Directions –
Your response is a verbatim copy of the listing, stripped of its images.

Collected material –

※ ※ ※

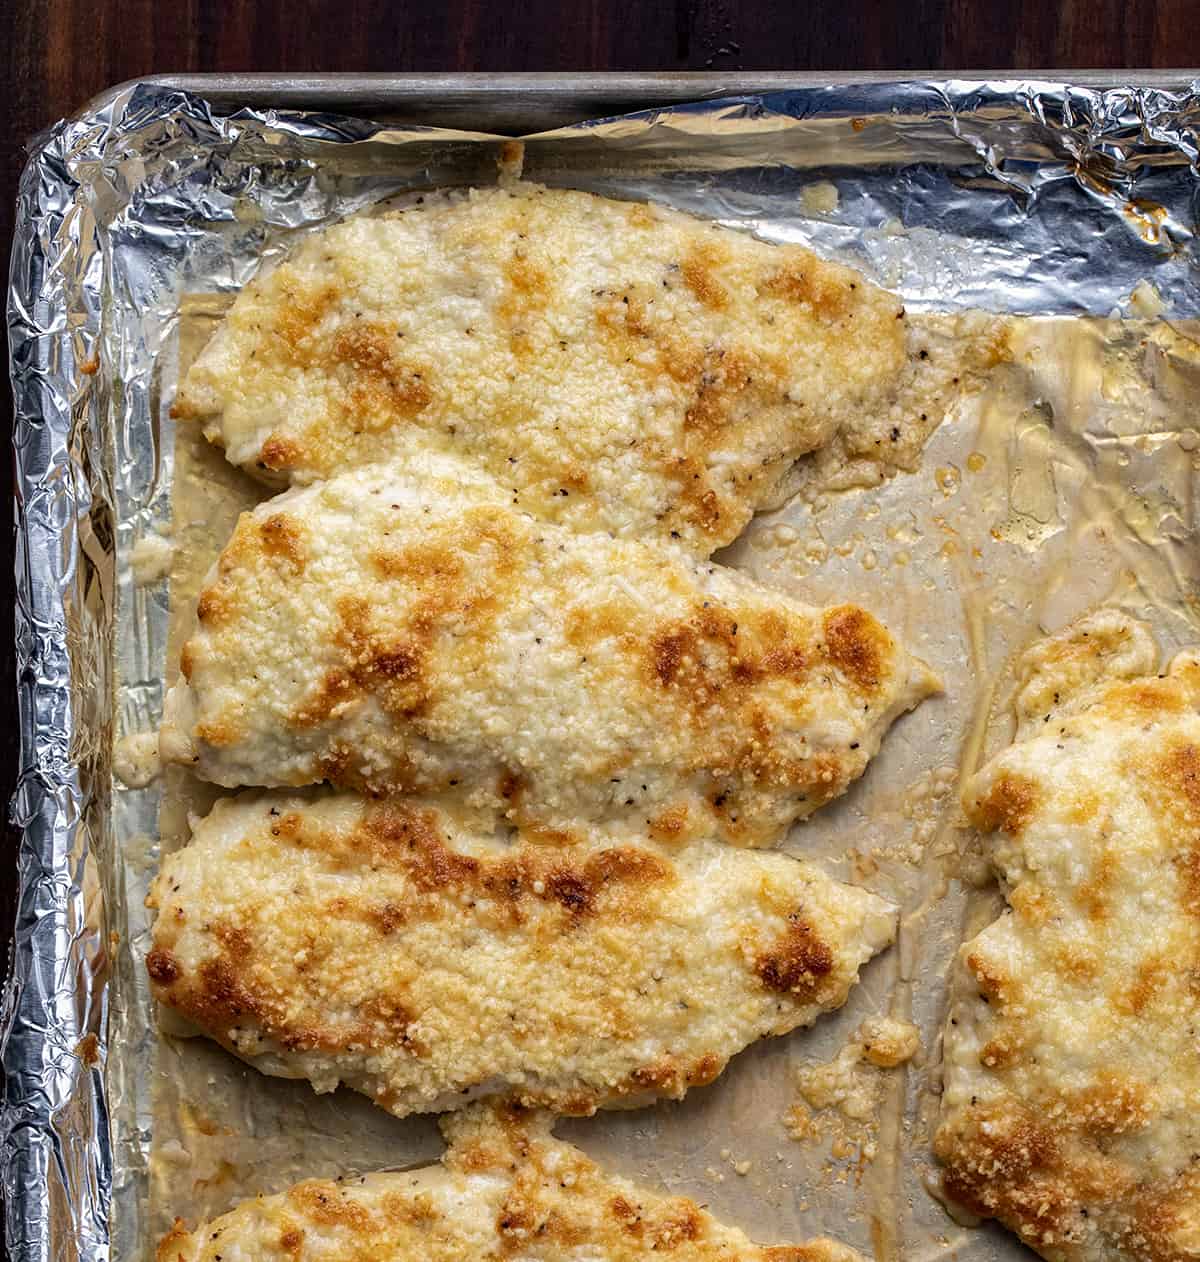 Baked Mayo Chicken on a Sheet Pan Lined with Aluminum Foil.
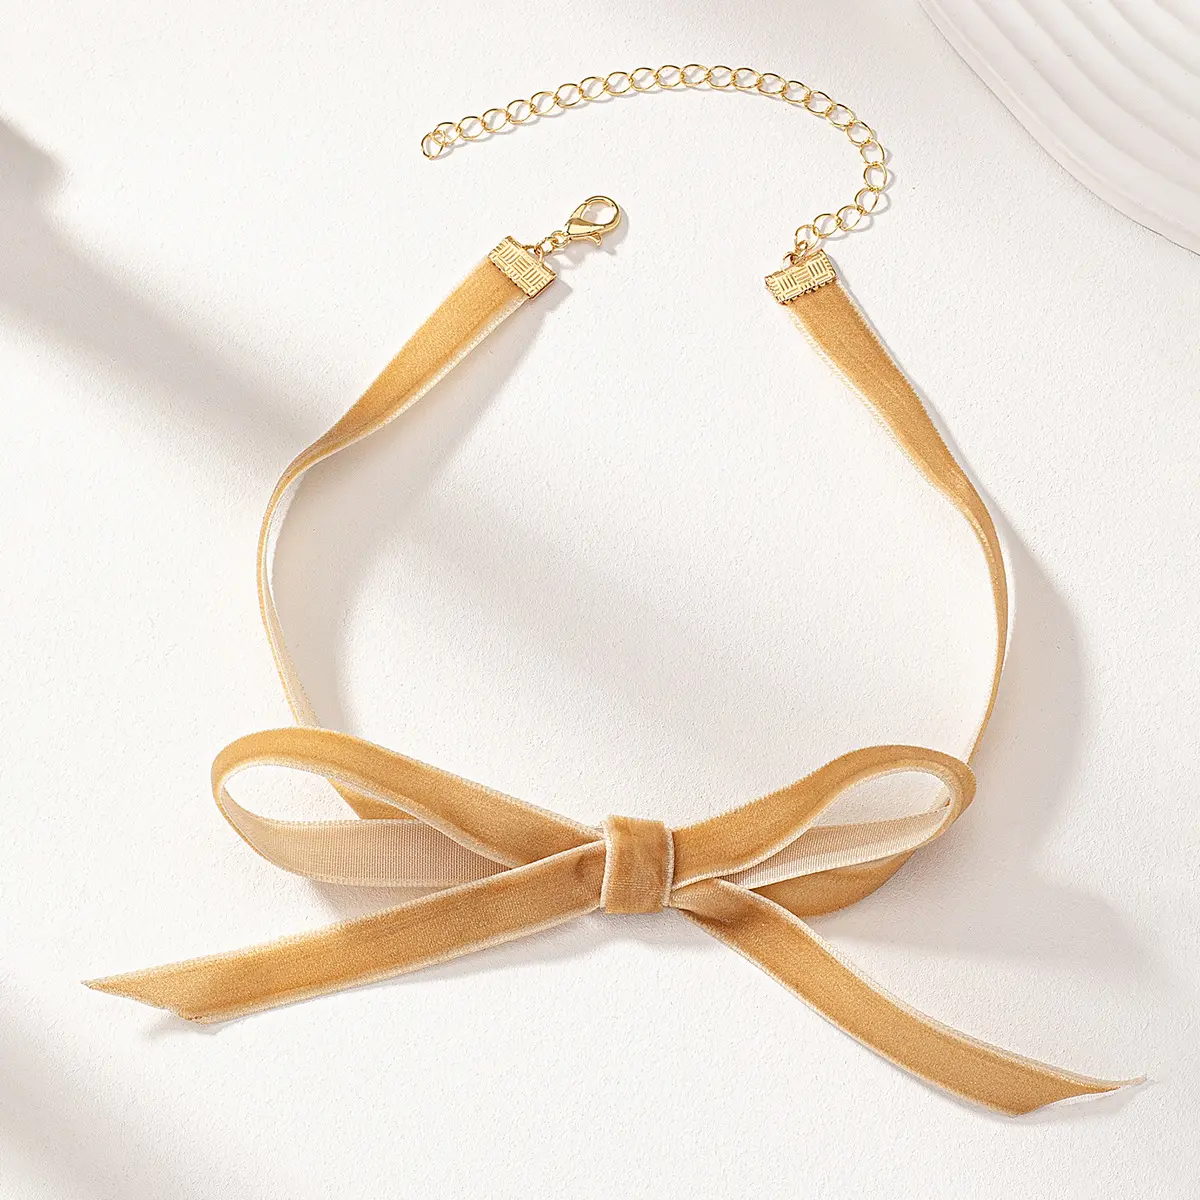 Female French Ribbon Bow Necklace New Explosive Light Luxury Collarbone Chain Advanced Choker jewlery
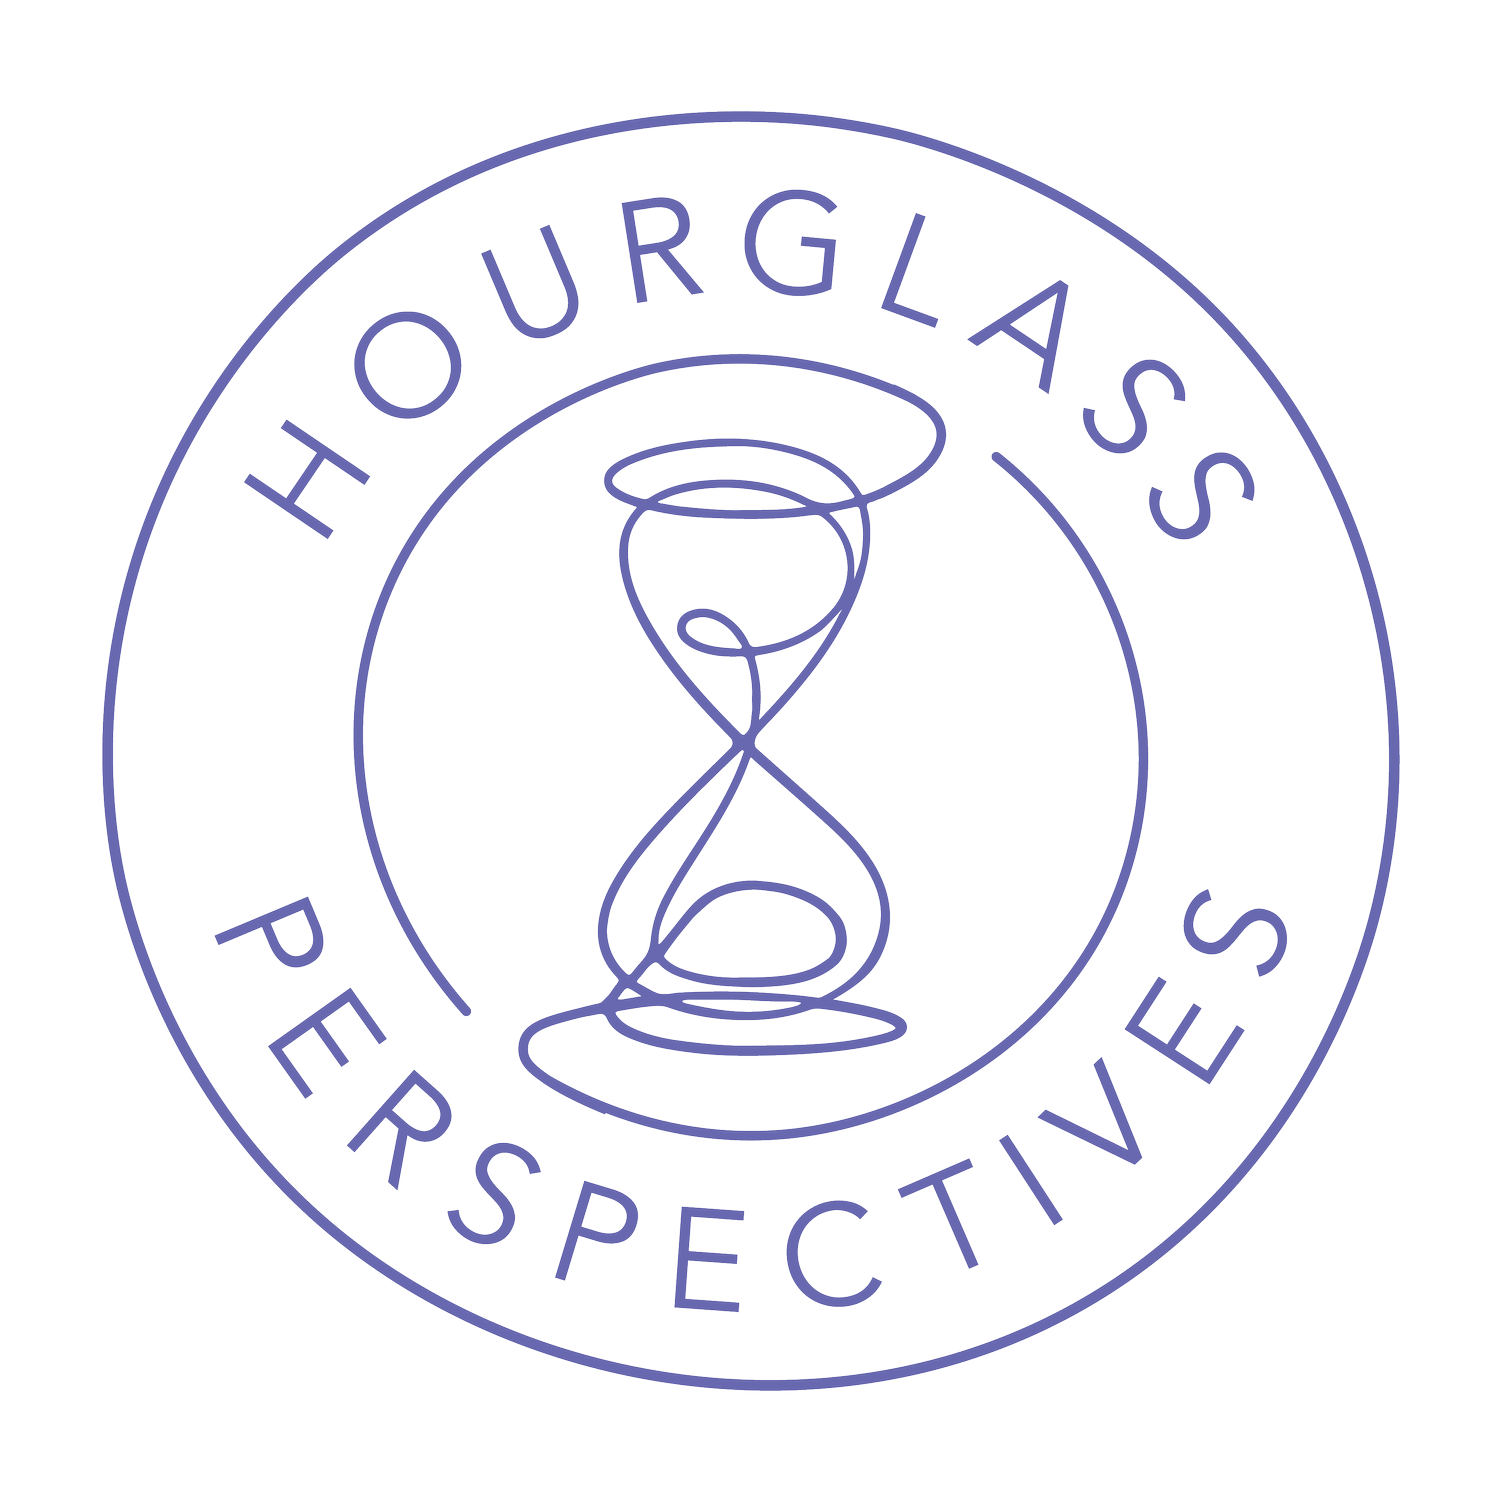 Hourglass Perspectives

※ ※ ※

Expected answer –
 Baked Mayo Chicken on a Sheet Pan Lined with Aluminum Foil.
 Female French Ribbon Bow Necklace New Explosive Light Luxury Collarbone Chain Advanced Choker jewlery
 Hourglass Perspectives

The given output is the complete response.